** WHAT THIS TASK INVOLVES **
The listing below should be printed exactly, though its pictures must not be.

** DATA EXTRACT **
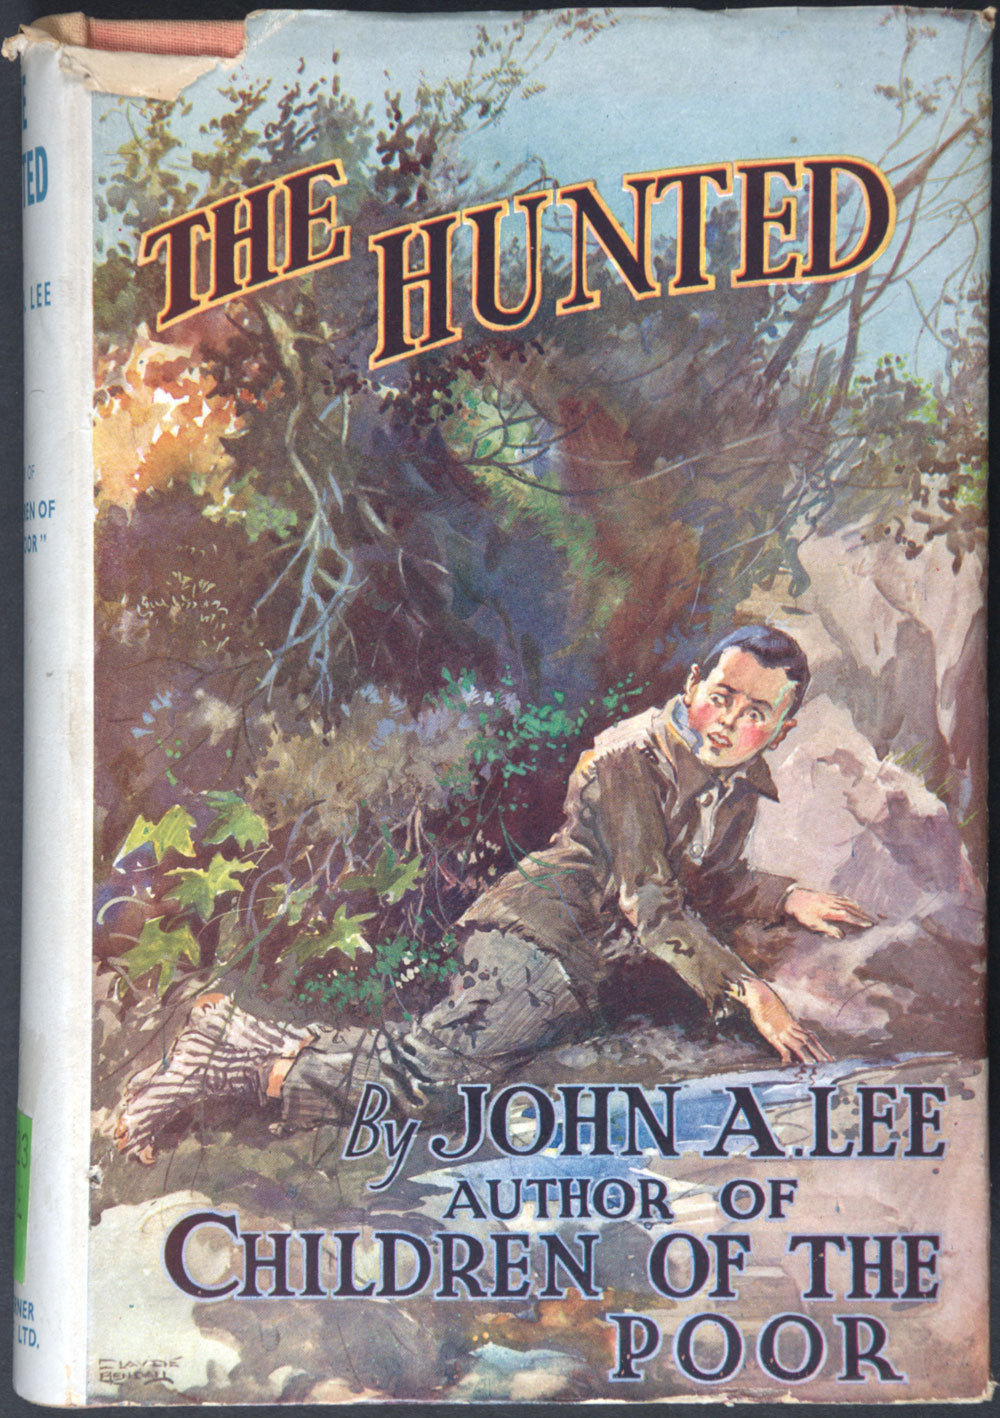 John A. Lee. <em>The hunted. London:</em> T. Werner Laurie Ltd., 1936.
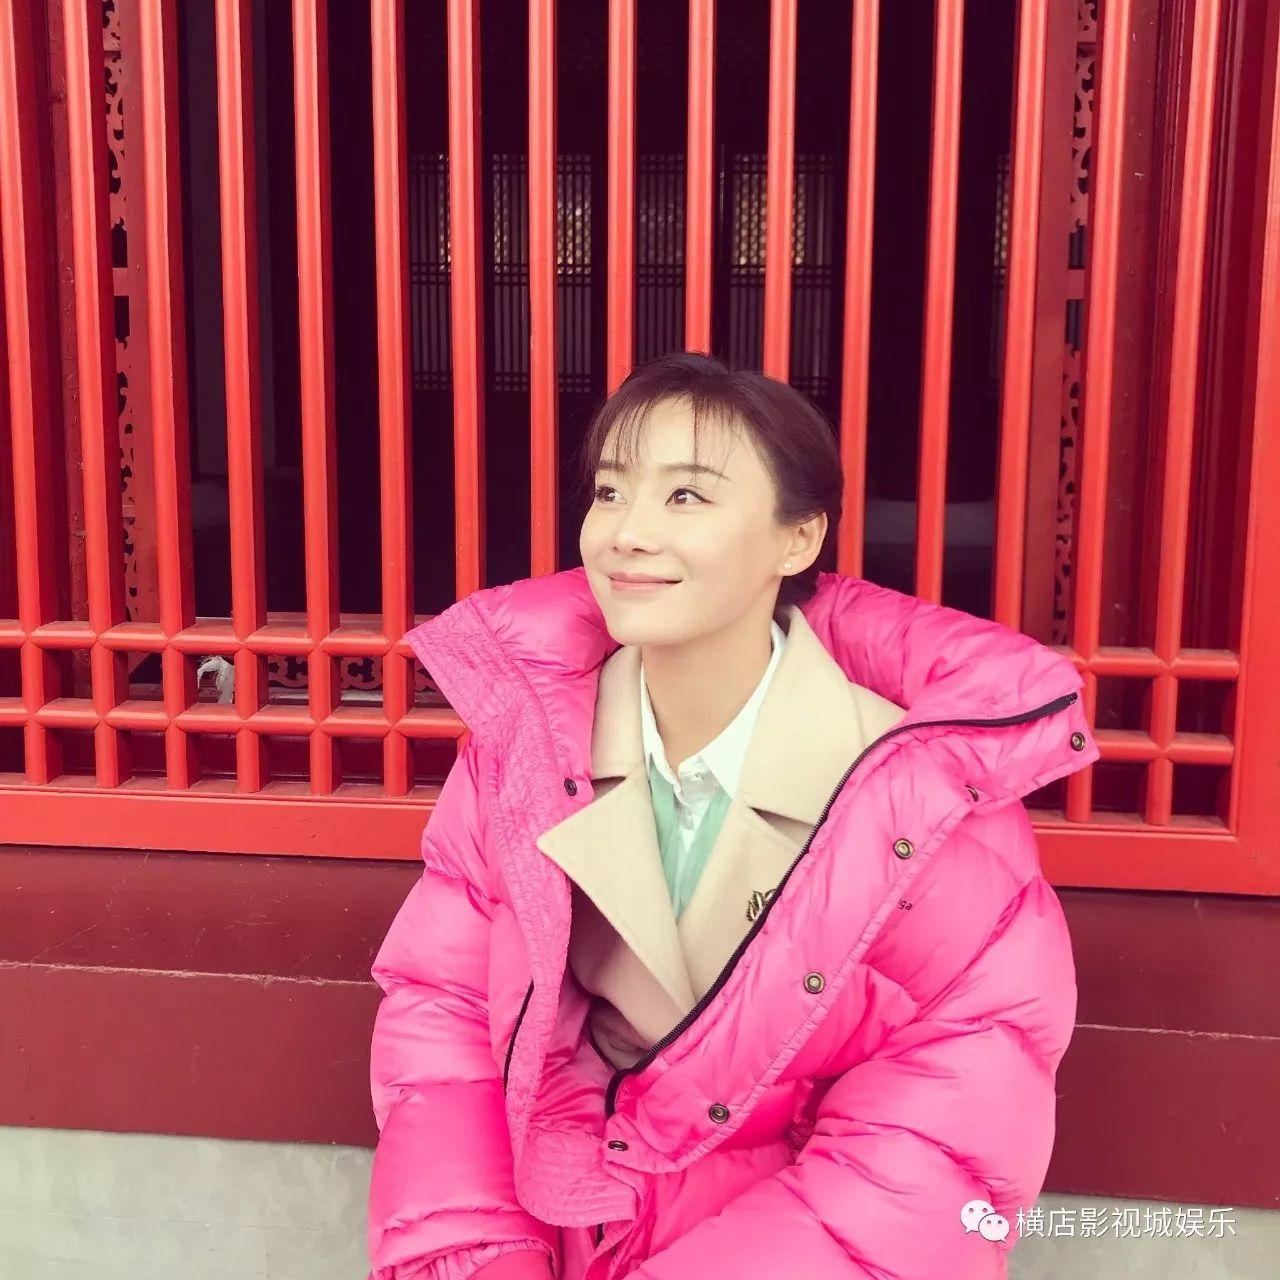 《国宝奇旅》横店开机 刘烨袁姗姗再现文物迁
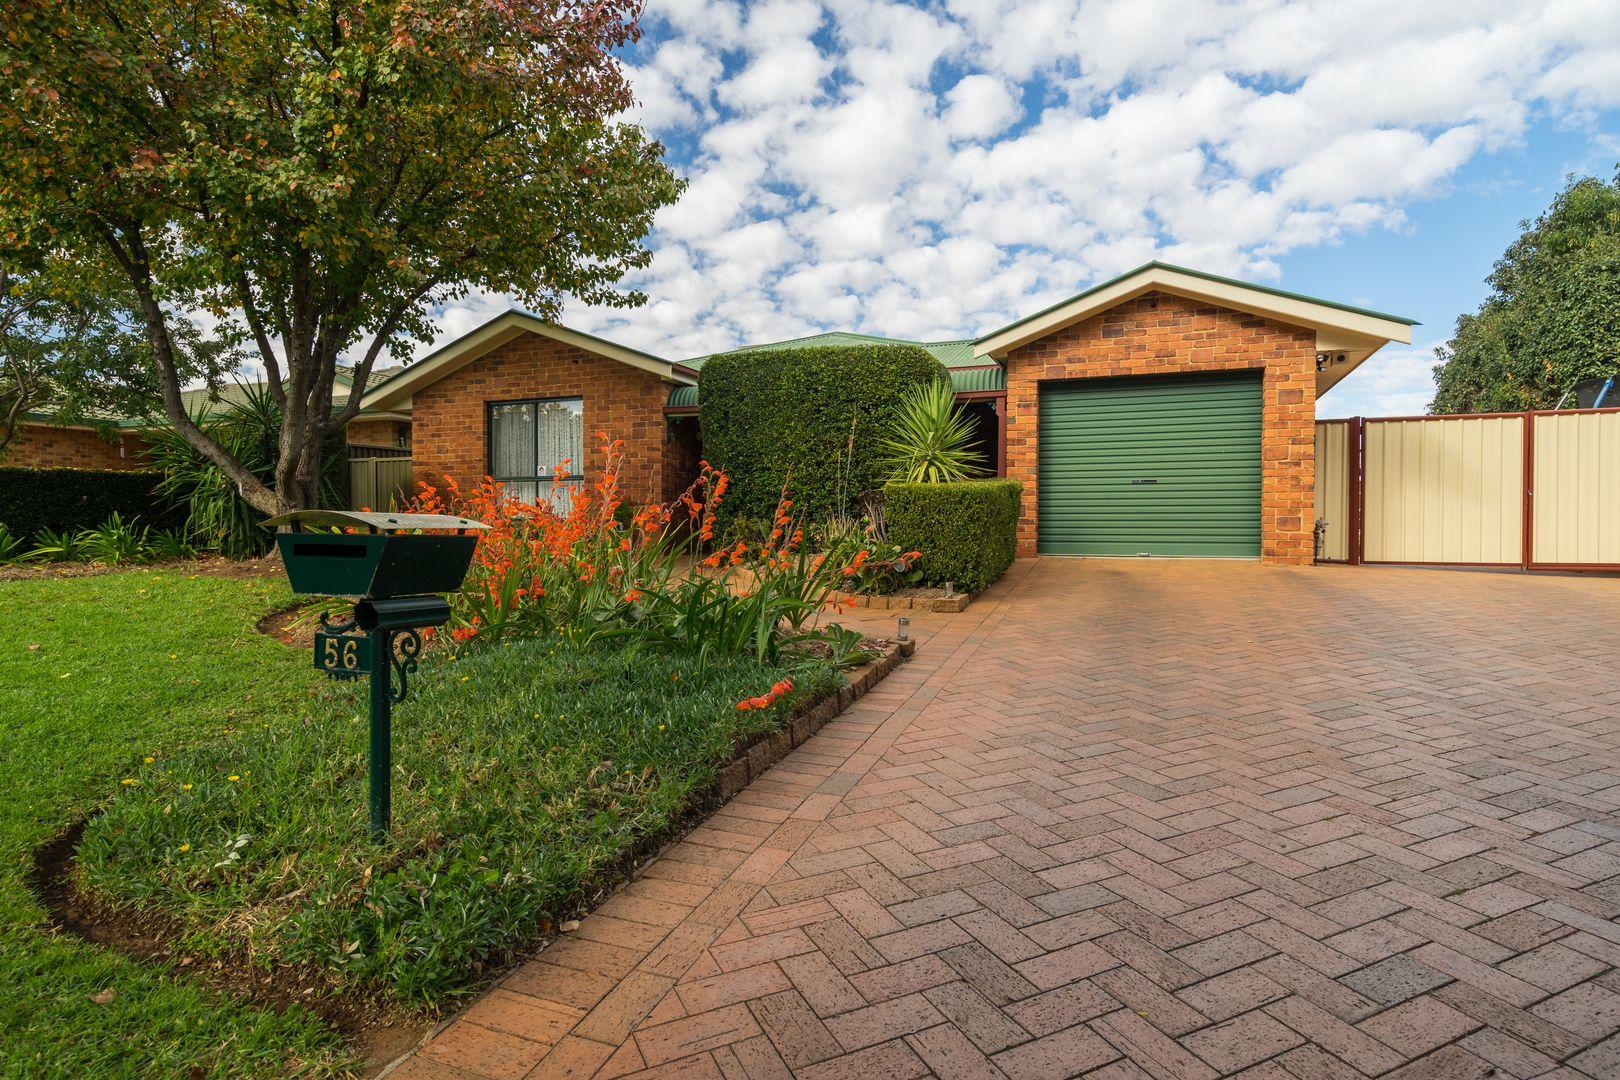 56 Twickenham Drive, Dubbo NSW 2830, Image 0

** ANSWER TO THIS EXERCISE **
 John A. Lee. <em>The hunted. London:</em> T. Werner Laurie Ltd., 1936.
 《国宝奇旅》横店开机 刘烨袁姗姗再现文物迁
 56 Twickenham Drive, Dubbo NSW 2830, Image 0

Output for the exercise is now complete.